= Collected data =
....................
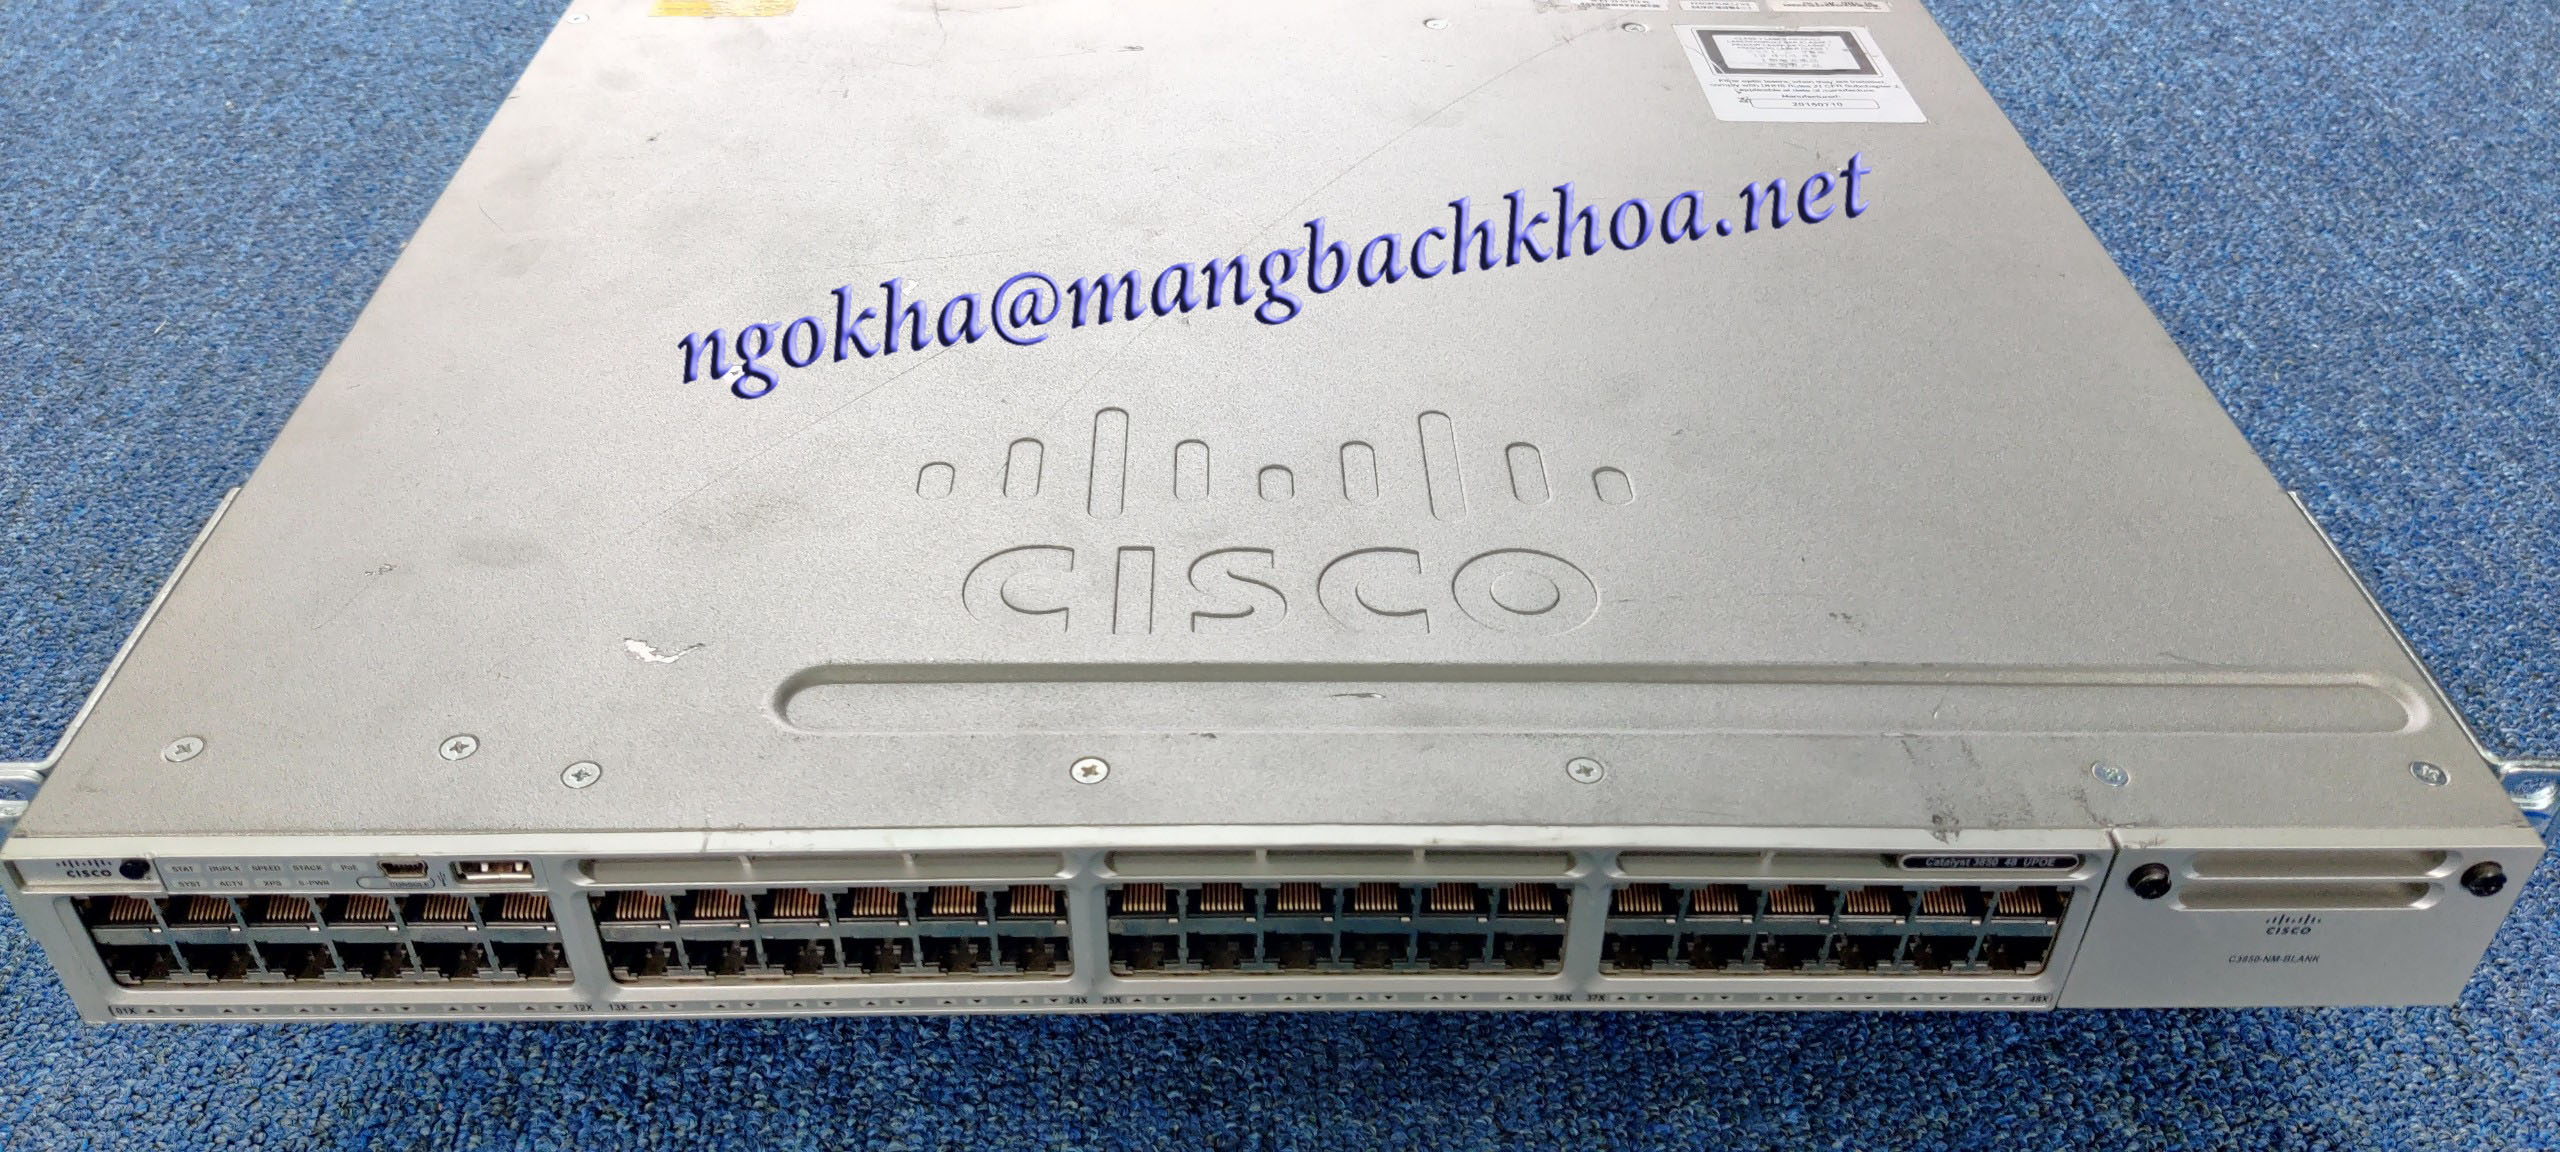 Cisco Wireless
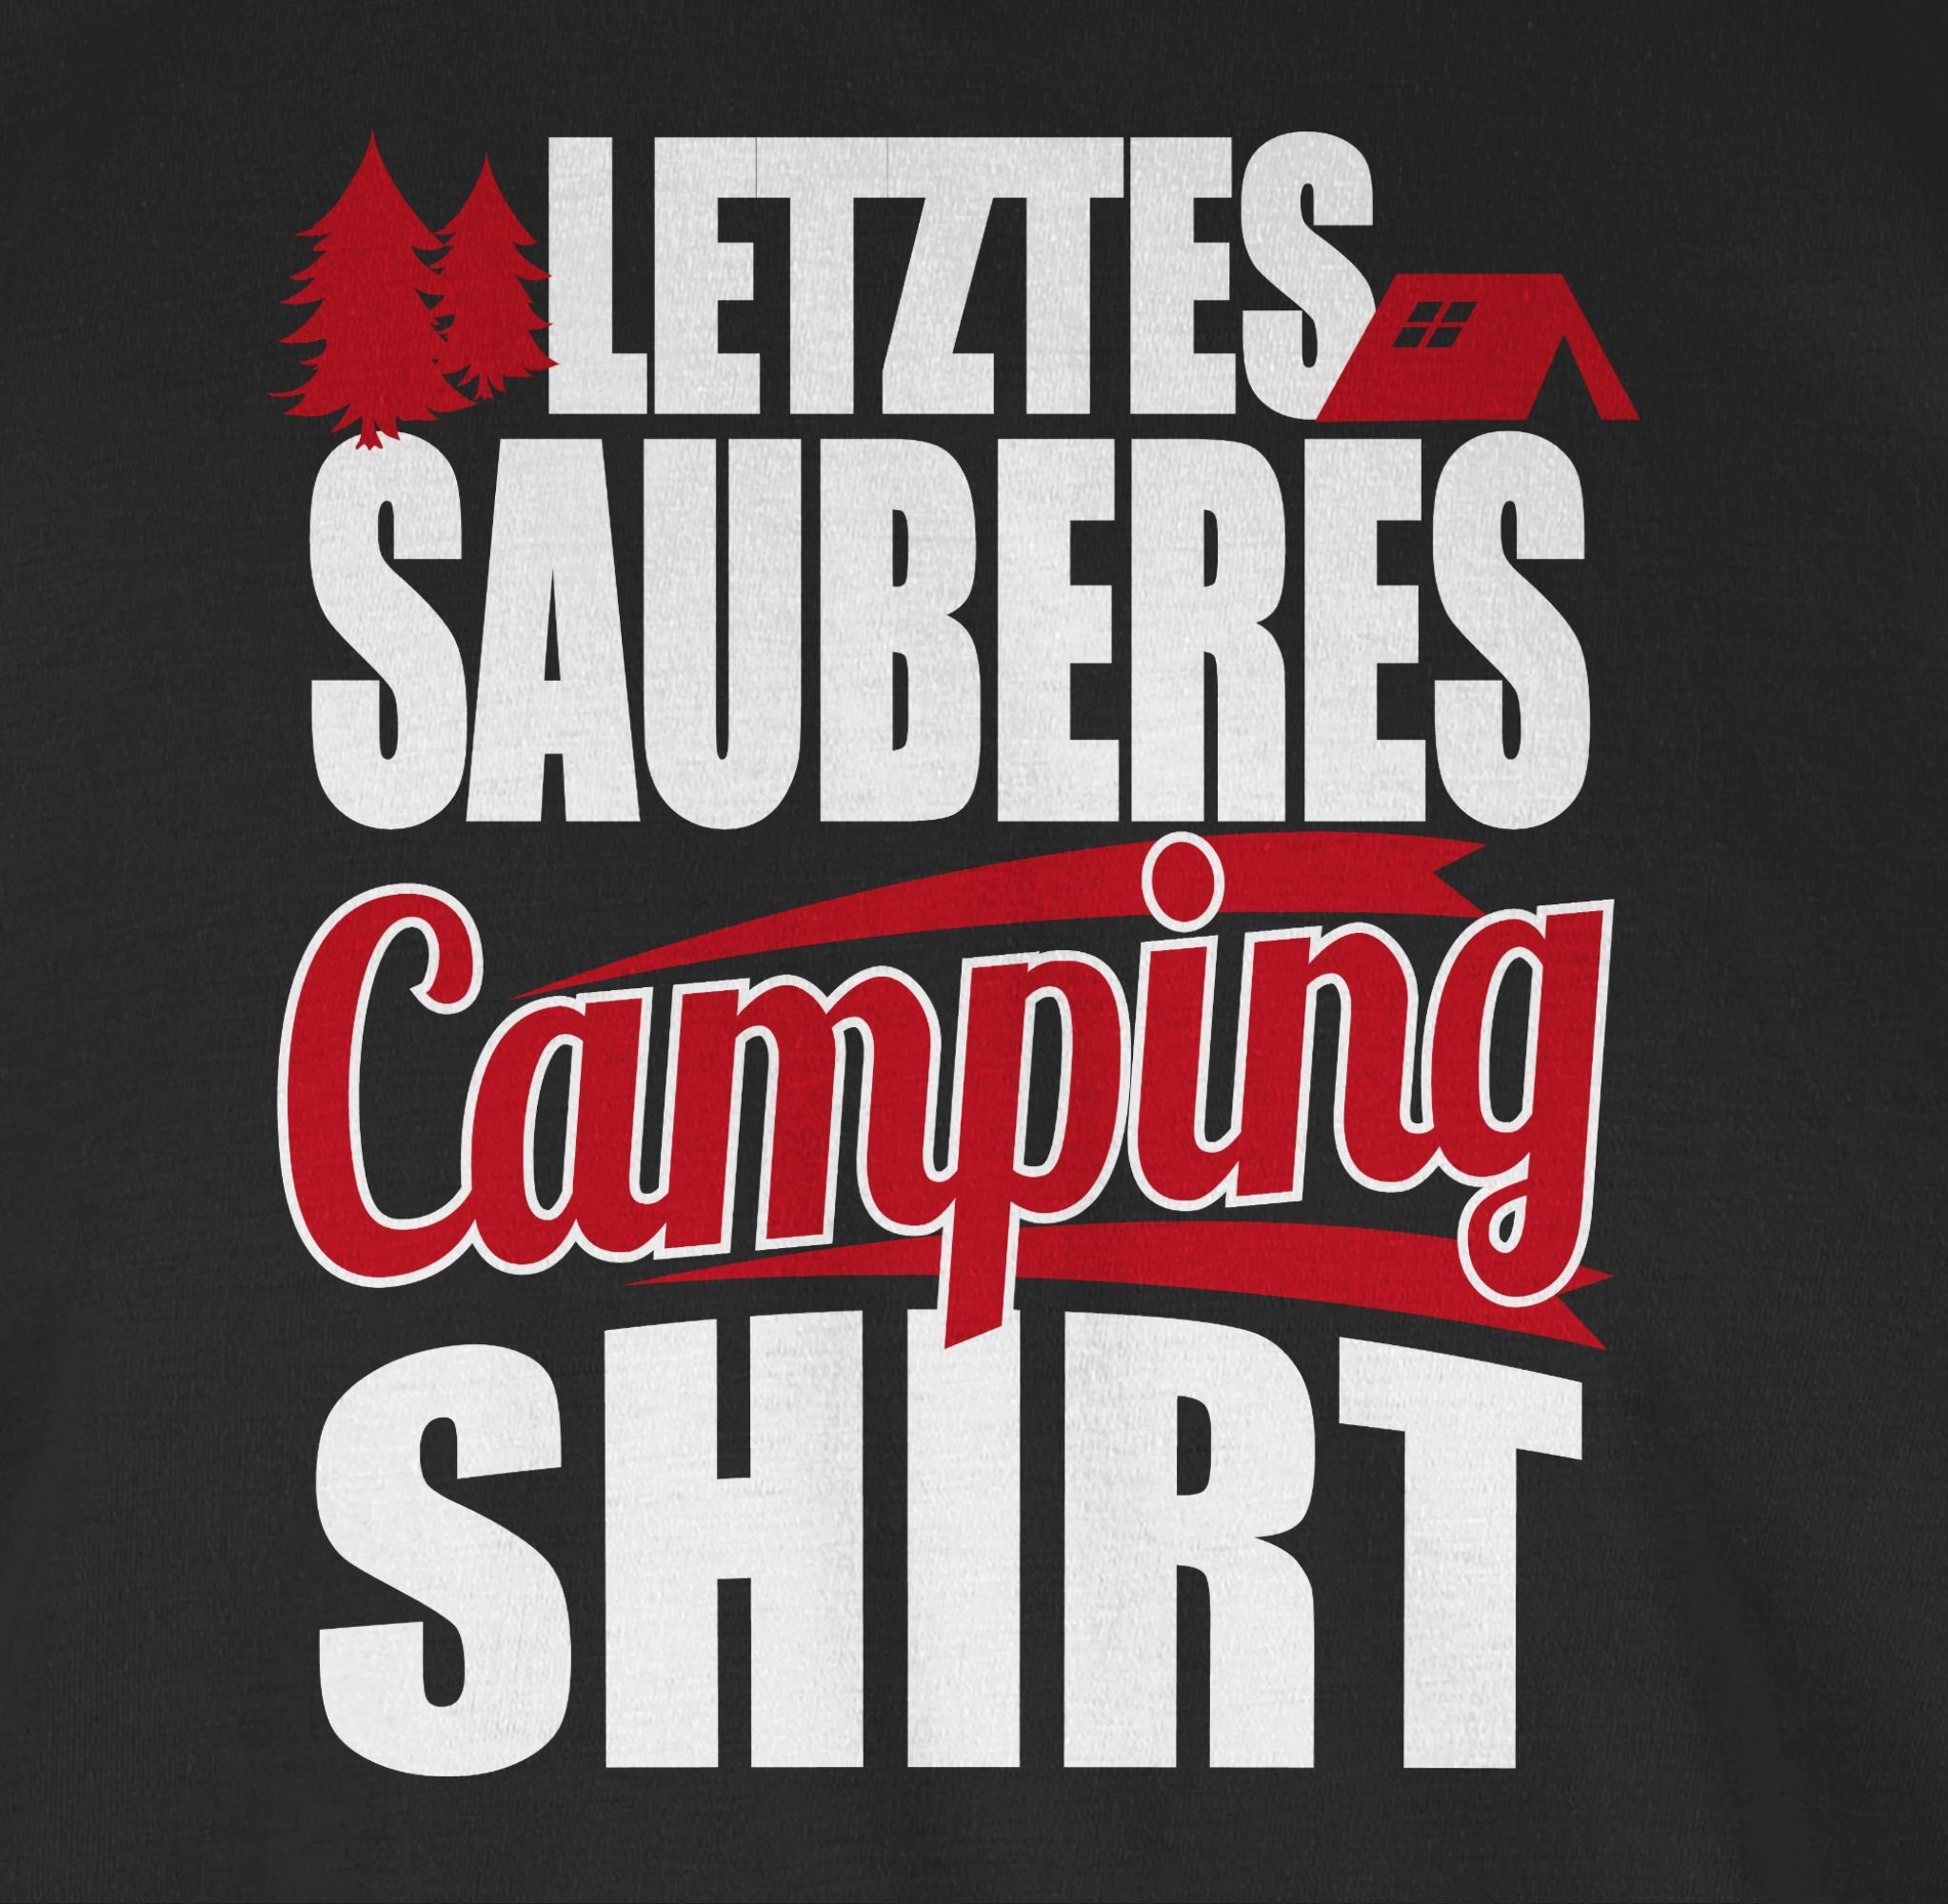 Shirtracer T-Shirt Letztes sauberes Camping Hobby Shirt Outfit 1 Schwarz
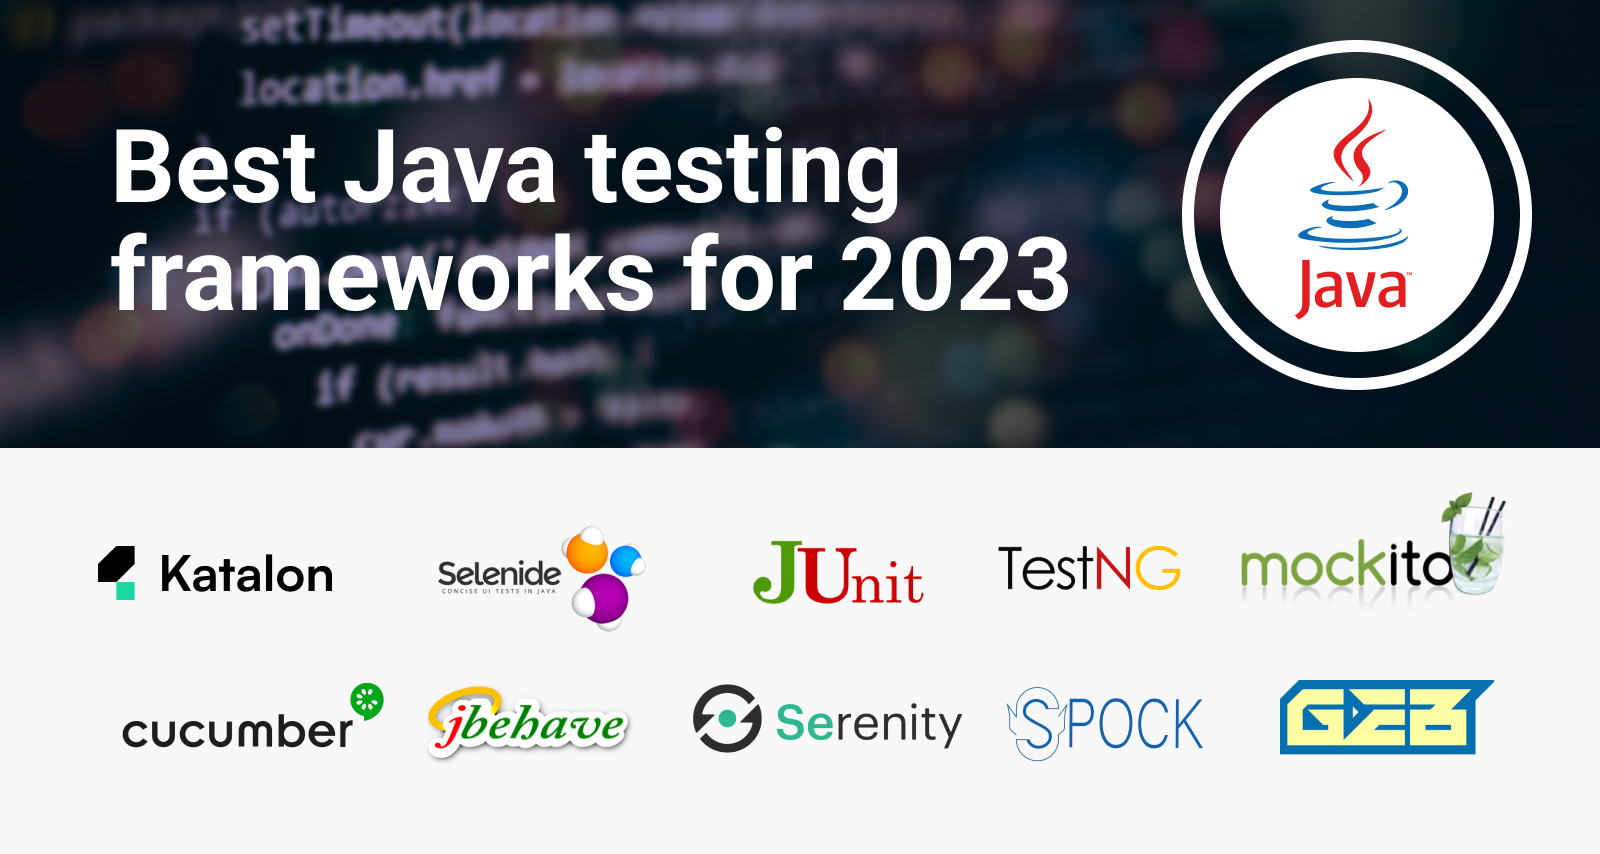 Best Java testing frameworks for 2023
....................
= Task goal =
The answer must be the full listing above, copied exactly, with no pictures in it.

= Solution for this task =
 Cisco Wireless
 Shirtracer T-Shirt Letztes sauberes Camping Hobby Shirt Outfit 1 Schwarz
 Best Java testing frameworks for 2023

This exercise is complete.